NOV 19th 2014

Conceptual Art: 2008 Saleen S5S Raptor

Saleen S5S

Formed in 1983, American firm Saleen has a number of impressive feats under its belt. It assembled the Ford GT, and to this day produces a range of high-performance versions of already high-performance Fords, Chevrolets and Dodges. It has also enjoyed extensive success with its S7 in GT championships on both sides of the Atlantic, including Le Mans.

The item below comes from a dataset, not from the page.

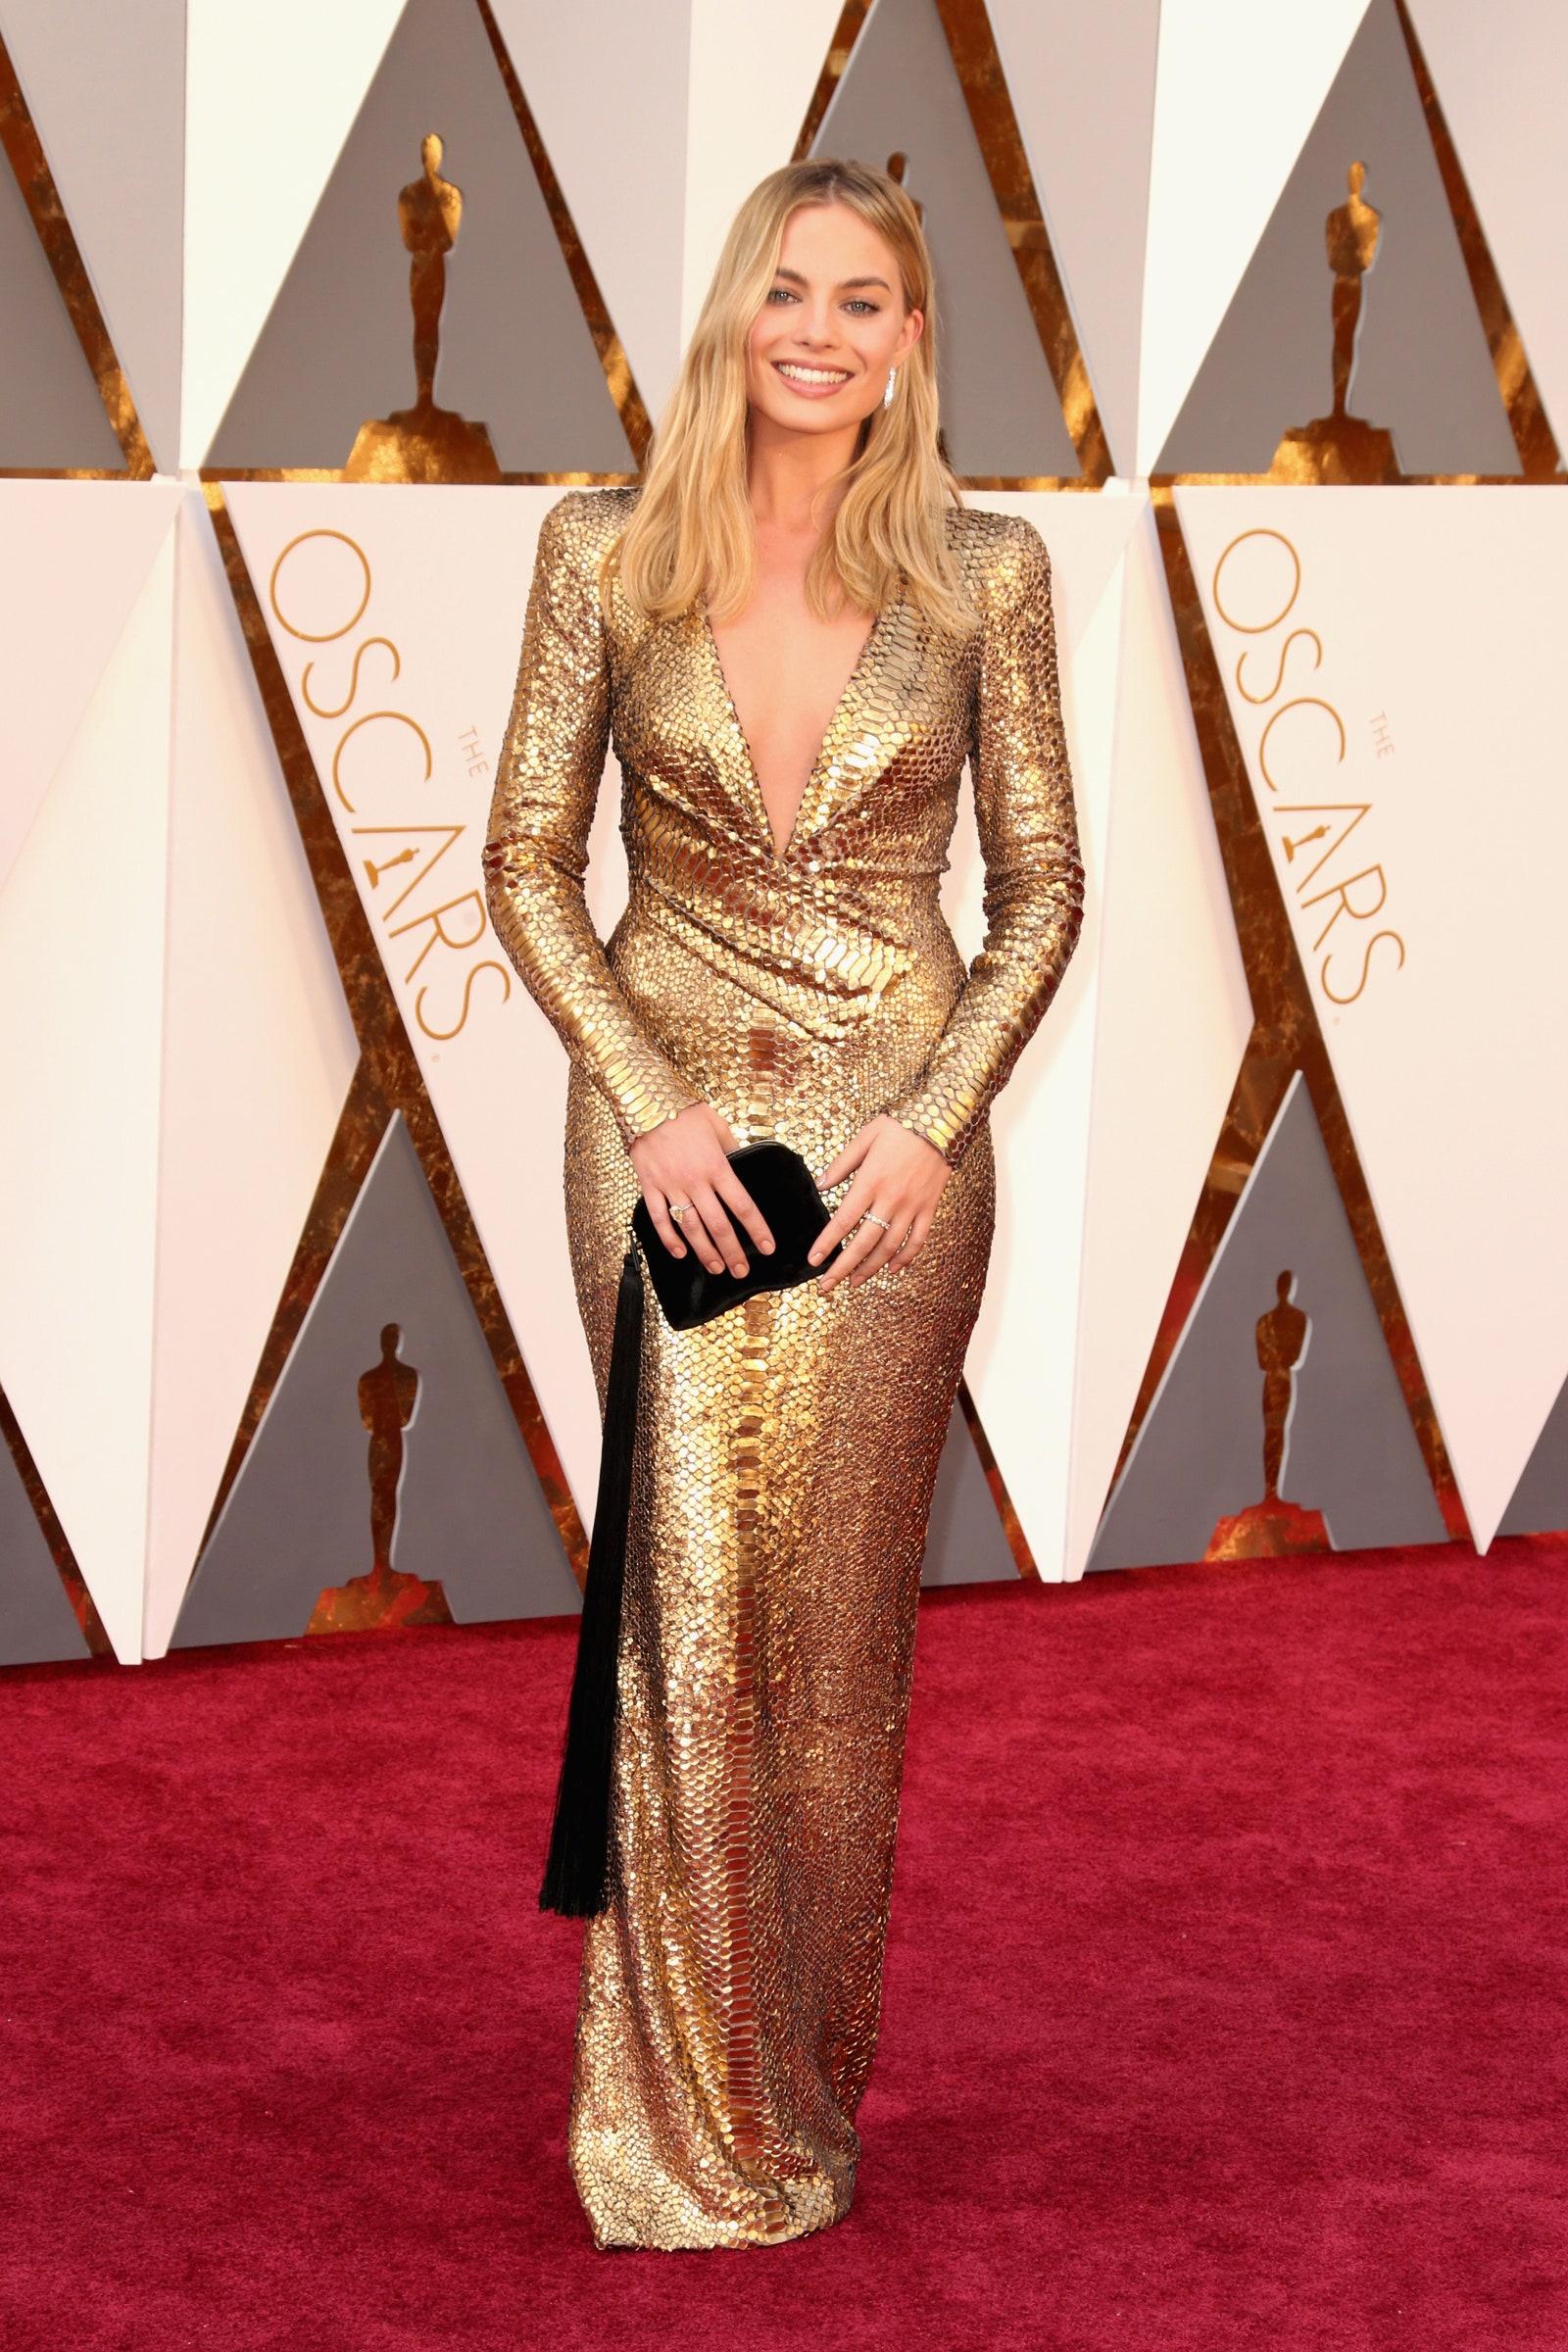 Margot Robbie Wear A Long Sleeves Deep Cut V-Neck Gold Gown

In 2007, however, when the Saleen S5S Raptor was conceived, the company wasn’t exactly in the rudest of health. Steve Saleen himself had jumped ship to form his own firm (SMS Supercars) and the future looked decidedly iffy. So iffy that Mr Saleen subsequently agreed to buy the company back in a move which took until last year to finalise.

Saleen-S5S

But at the outset of all that corporate hubbub, the company was sitting on a project that I think could have been a hit. The S5S was an all-American affair; designed by ASC Creative Services in Detroit and slated to make use of a Mustang-derived, supercharged five litre V8 which wouldn’t have struggled to produce a planned 650bhp. With that kind of power on tap performance figures of 0-60 in under 3.5 seconds and sub-11 second quarter miles would have been on the cards before the advent of the Ferrari 458 and the McLaren 12C …

Saleen-S5S

The concept was revealed at the 2008 New York Motor Show and promised even to be ‘affordable’ in comparison with the previous Saleen S7 supercar. Underneath the composite body was an aluminium frame which suggests that Saleen was pursuing agility as well as stonking straight line performance. We think that said body was rather good looking, with a hint of Lamborghini Gallardo to the side-profile and, dare we say it, shades of Ferrari 458 in the front lights? The rear lights might have something of the yuletide decorations about them, but on the whole I still think this car could have been a hit.

Saleen-S5S

But anyway it didn’t happen and the world is awaiting Steve Saleen’s latest offering which is said to be revealed next year. If the firm has progressed sensibly from the concept it produced almost eight years ago, I’d expect it to warrant a lot of attention.